"Lo serius Gema?" Tanya Melodi sekali lagi memastikan.
"Iya Mel sayang, gue nggak apa-apa. Nggak perlu khawatir." Ucap Gema.
Percakapan mereka terhenti sejenak karena sajian sudah siap. Gara menghamparkan dua buah karpet untuk mereka duduk. Sedangkan Nisa dan Bianca menata sajian. Aroma makanan yang tertiup angin, membuat perut Melodi melonjak-lonjak. Ingin segera menyantap habis semua yang ada di depan mata.
Sedetik kemudian, matanya langsung menangkap sate daging dengan bumbu pedas. Mengingat alergi kacang yang dimiliki Melodi, Nisa berinisiatif membuatkan beberapa tusuk sate dengan bumbu pedas. Melodi mulai menikmati potongan demi potongan. Lezat sekali. Rasanya hampir mirip dengan sate khas restoran. Nisa memang bisa diandalkan dalam meracik bumbu. Setelah menghabiskan sekitar lima tusuk, tangannya beralih mengambil tiga tusuk bakso bakar. Bumbu yang digunakan masih sama, yaitu bumbu pedas. Dalam sekejap, Melodi melahap bakso bakar tersebut.
Setelah menghabiskan beberapa tusuk sate dan bakso bakar, akhirnya perut Melodi berhenti berkontraksi.
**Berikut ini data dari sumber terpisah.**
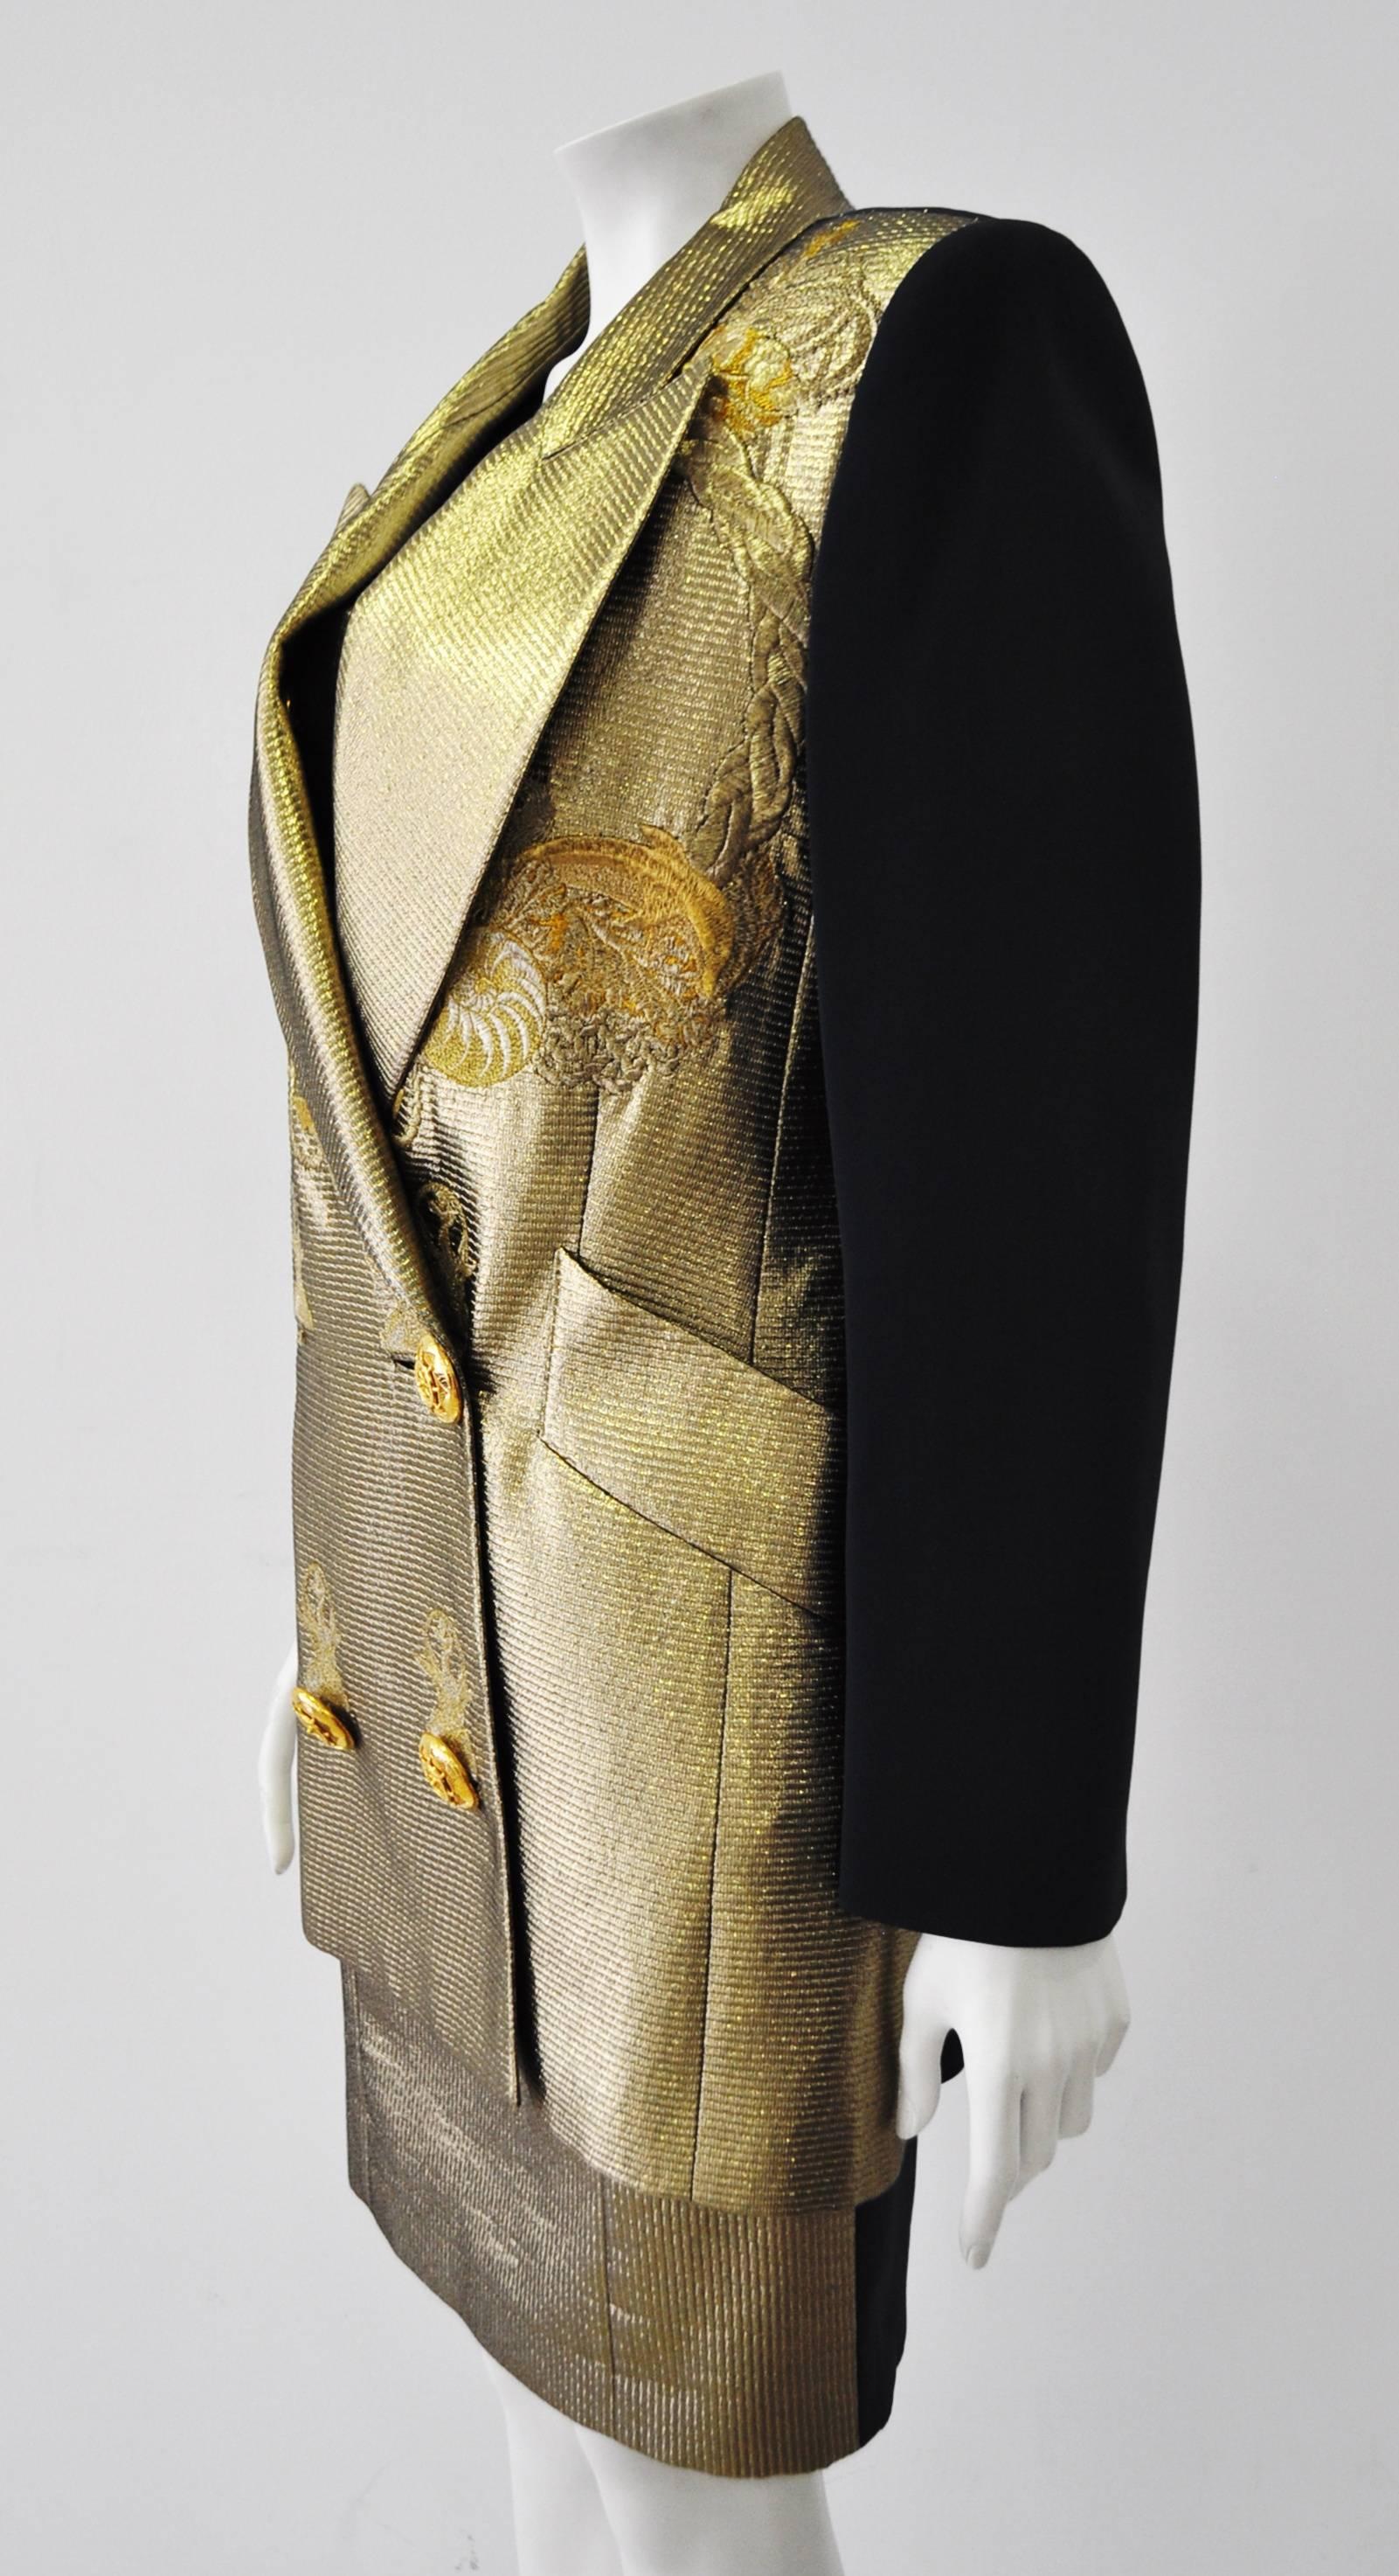 Unique Gianfranco Ferre Dress And Coat Ensemble 1990's. Gold Colour Has A Universality, It Is A Classic Addition To The Autumn And Winter Wardrobe.  An Outstanding Piece With Two Different Colours Gold In Front And Navy Blue Back Featuring Gold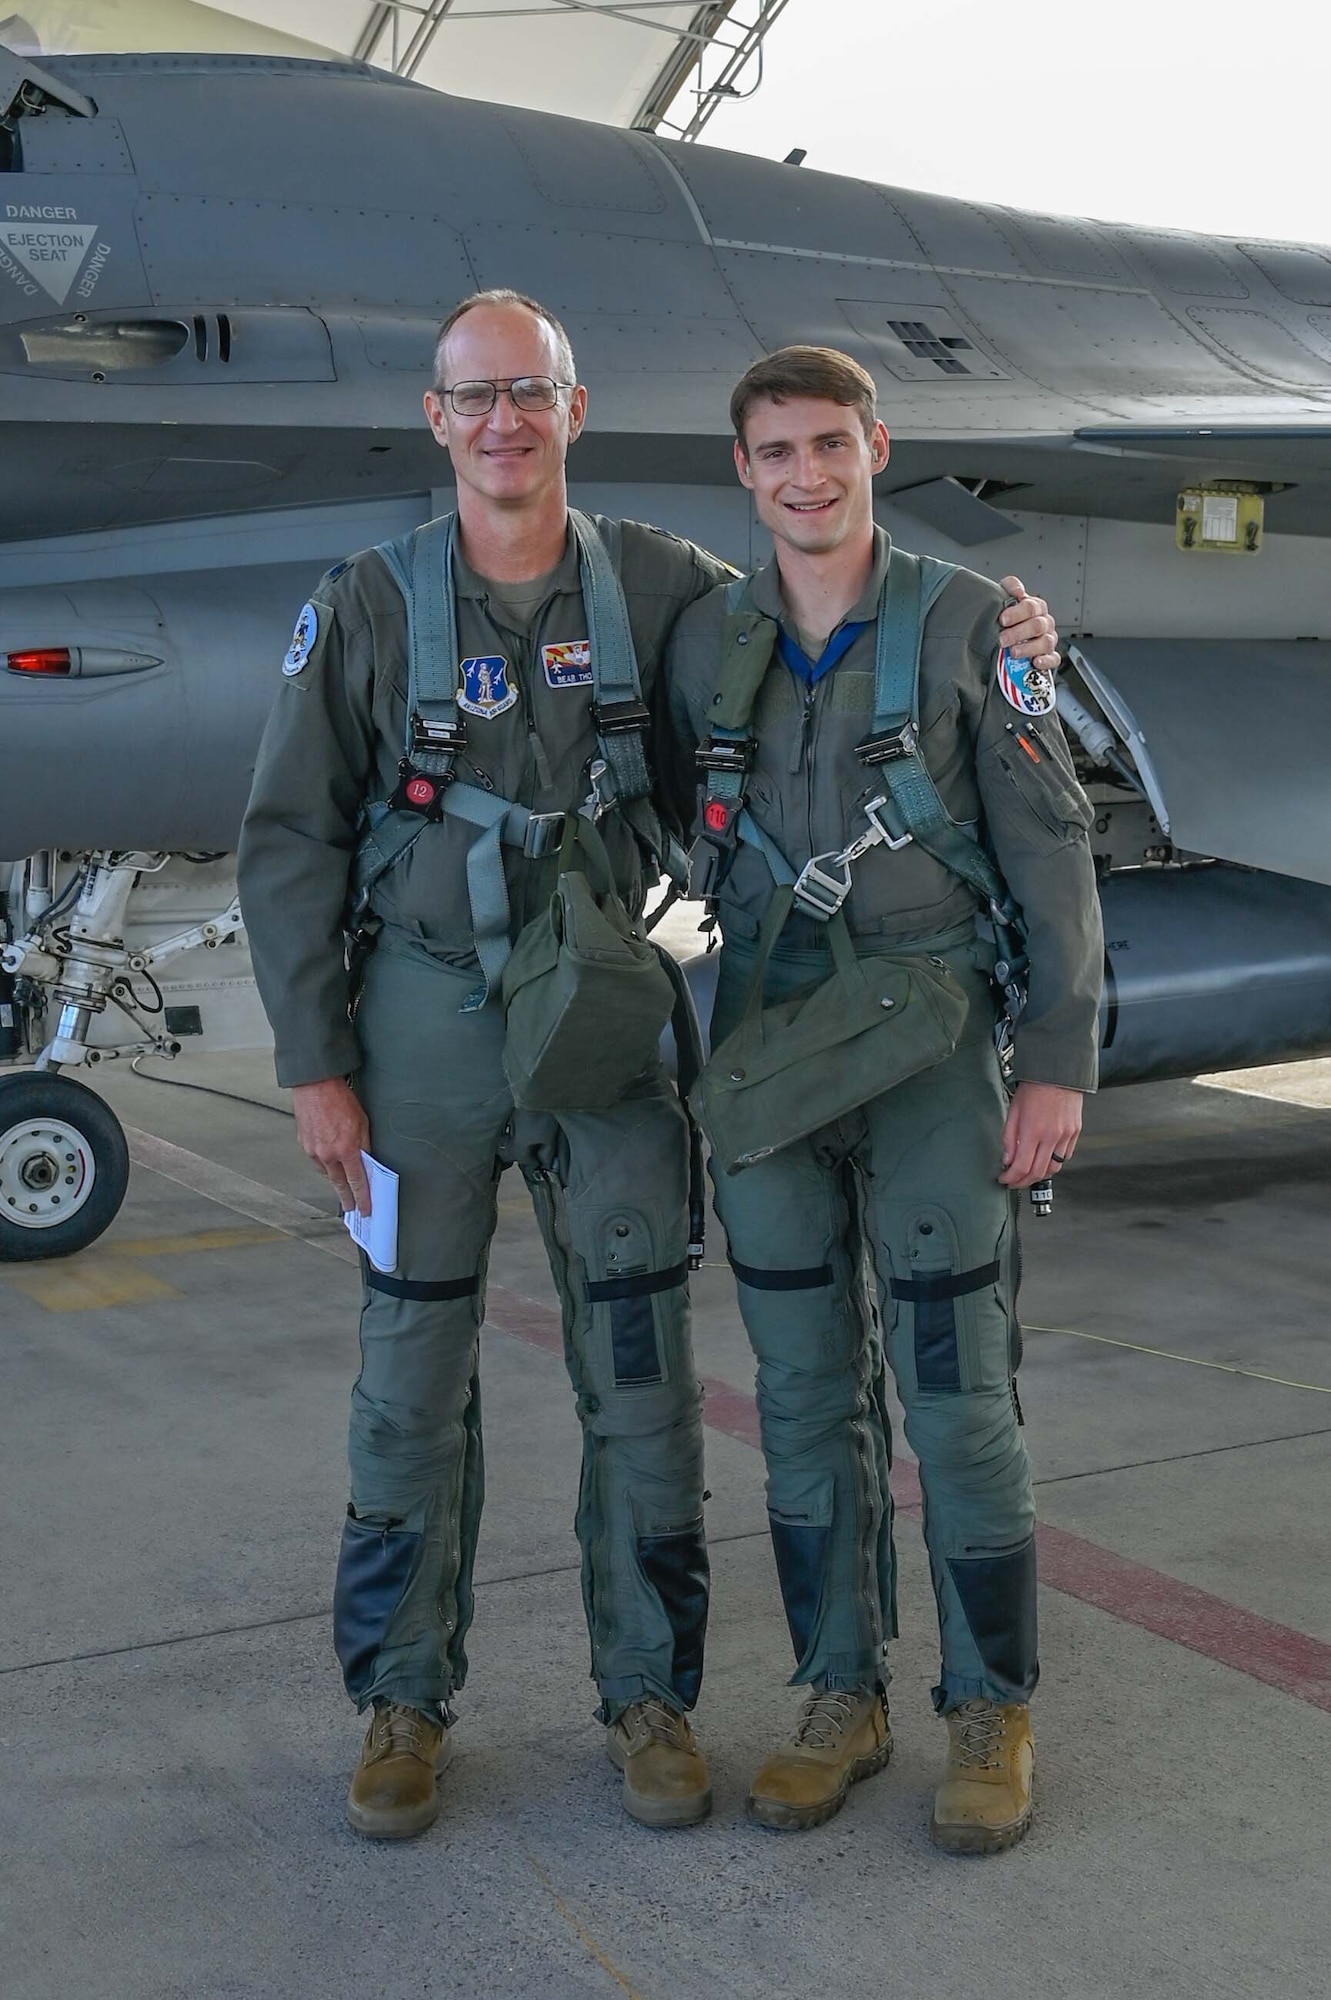 Lt. Col. Joseph Thomas, a Drill Status Guardsman F-16 instructor pilot with the 162nd Wing in Tucson, Ariz., and his son, 1st Lt. Nathan Thomas, an active-duty F-16 student pilot, prepare to fly a training mission in the F-16 Fighting Falcon. (U.S. Air National Guard photo by Maj. Angela Walz)

Waktunya untuk memakan dessert sebagai akhir dari makan siangnya. Dessert kali ini adalah buah-buahan. Mengingat sajian mereka kebanyakan mengandung lemak, sehingga mereka membutuhkan asupan air lebih banyak.
Dari buah melon, semangka dan jeruk yang tersedia, Melodi memilih mengambil sepotong melon. Alasannya karena biji melon sudah dibersihkan pada saat dikupas. Sehingga Melodi tidak perlu repot lagi dalam memakannya. Entahlah, ia lebih menyukai hal simple dibandingkan rumit. Tetapi, memangnya ada yang menyukai hal rumit?
"Gimana kalau kita mengubah nama geng kita?" Seru Bianca.
"Waaah, jadi Bianca udah nerima kita jadi teman nih." Sahut Nisa.
"Tentu saja." Jawab Bianca.
"Ada usul?" Tanya Rendi kepada teman-temannya.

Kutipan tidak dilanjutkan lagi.